From 1975 onwards, with the end of censorship in Spanish cinema, Iquino directed several films with a strong erotic content, such as Los violadores del amanecer, La Basura está en el ático, La caliente niña Julieta, La desnuda chica del relax, Los sueños húmedos de patrizia and Inclinación sexual al desnudo. Iquino was one of the first Spanish filmmakers to give visibility to transsexual actresses, such as Cristine Berna and Tessa Arno. He ended his career in 1984.

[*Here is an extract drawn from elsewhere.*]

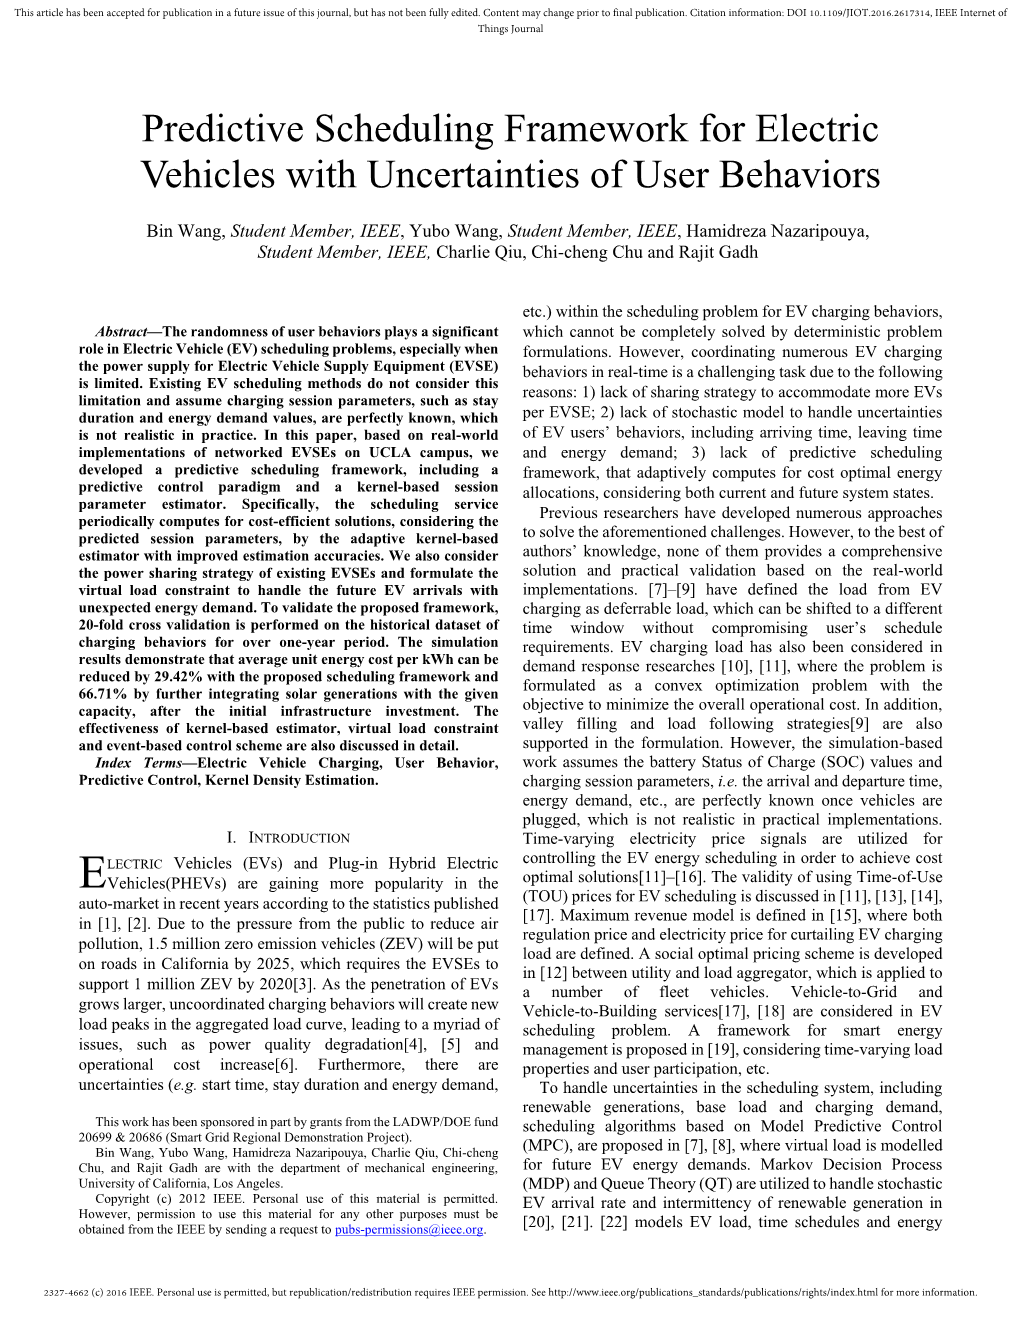 Predictive Scheduling Framework for Electric Vehicles with Uncertainties of User Behaviors

He died in Barcelona on April 29, 1994, at the age of 83.

==Selected filmography==
- We Thieves Are Honourable (1942)
- Heart of Gold (1941)
- A Shadow at the Window (1944)
- The Drummer of Bruch (1948)
- The Vila Family (1950)
- Criminal Brigade (1950)
- Persecution in Madrid (1952)
- The Pelegrín System (1952)
- The Dance of the Heart (1953)
- Fire in the Blood (1953)
- The Louts (1954)
- One Bullet Is Enough (1954)
- Closed Exit (1955)
- La banda de los tres crisantemos (1970)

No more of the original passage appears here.